The first day of subbing in the 9th grade Algebra 1 class was, if I’m being honest, a rude awakening. The activity I had planned kind of fell apart and it was difficult for them to follow my directions for completing a certain task. It was very loud and there was a lot of yelling across the room. Groups of 4 became loose groups of 7, leaving some students alone at a table. Everybody seemed to be doing what they wanted. Wasn’t an engaging lesson plan the best classroom management?!
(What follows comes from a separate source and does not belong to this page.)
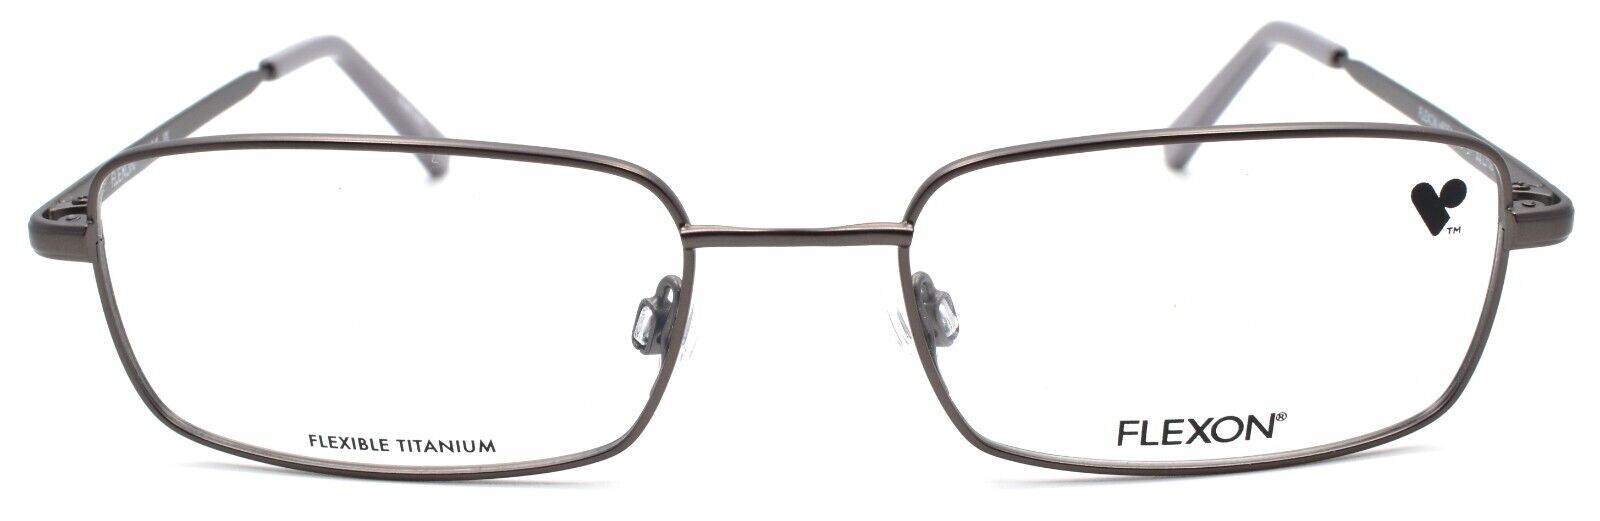 2-Flexon H6051 033 Men's Eyeglasses Frames 53-18-145 Gunmetal Flexible Titanium-886895485555-IKSpecs

When I left that day I was a bit discouraged. But I knew I had a choice to make. I could chalk everything up to “kids these days” or the fact that this was a group of mostly below-grade-level students who “just didn’t care”. That would have been easy to do. But it’s not actually what I believe. I believe that all students can learn. So I had to look for alternate explanations. I had to insist on them.

I started to put myself in their shoes. Tenth adult of the year is standing in front of them. They are just transitioning to high school. Instead of being willfully opposed to my expectations, was it possible that they *just didn’t know what was expected*? I found out later that they had been using an online video-based math program while the various subs floated through. What a jolt to start working in groups on math tasks that required strategic reasoning and discussion with other students! The next day when we started our first EFFL lesson, I took extra time to paint a clear picture of what the group work portion would look like. A couple days later, I tried chunking the activity into two parts, so the group work was broken up by an intermittent debrief with the first set of margin notes before launching them to continue on the task. I made sure to **explicitly point out things students were doing that were mathematical** and that were conducive to working on a team. And there were many! Rather than focusing on students who were “listening quietly” or “paying attention”, I pointed out when a student was willing to share an incomplete idea and open it up to the rest of the class. A girl in the corner had such a good explanation of her strategy in a way that succinctly reflected the main point of the lesson, that I had two students paraphrase her response.

It did not become my magic-wand, ideal classroom environment overnight, nor did I get there after two weeks. But students who I had the hardest time getting on-task during the class, reflected in their name-tent that their favorite part of math class this week was “actually learning” and “feeling like I understand.” “I really liked the **KFC activity**.” I was ecstatic.

**Assuming that students, or certain students, don’t want to or can’t learn is probably one of the greatest disservices we can do for our students. When things aren’t working the way you would like them to, ask why. But be careful with gut reactions. They might not always point you to the truth. And choosing to believe the best about our students, even when it seems unwarranted, is perhaps the most important thing we can do to ensure an equitable classroom.**

## Teaching is hard. (Lindsey)

My first few days back, I could not believe how exhausted I was every day after teaching just two hours! Seriously, I felt so mentally drained. I kept thinking, “How did I do this full time?" When I finished subbing each day, I would try to work on Math Medic things in the afternoon, and I had zero mental capacity left. I had made a million decisions while teaching and my brain said, “No more. Me done.”

Sarah had this same feeling, and she said to me one day, “I wish I had given myself more grace when I was teaching full-time. I always felt like I wasn’t good enough, or there was more that I should be doing. But I can see now that it was just that teaching is really, really, hard.”

I tell you this in hopes that you will give yourself grace when you need it. In my experience, teachers are often hard on themselves, always wishing they had more to give. But as my principal told me in my first year of teaching, “Even if you worked 24 hours a day, there would still be more to do. You’ve got to let some things go and know that you are doing your best.” So as we come up on a holiday break this week, we hope that you can take a moment to be proud of yourself. You have a very challenging job, and you’re crushing it!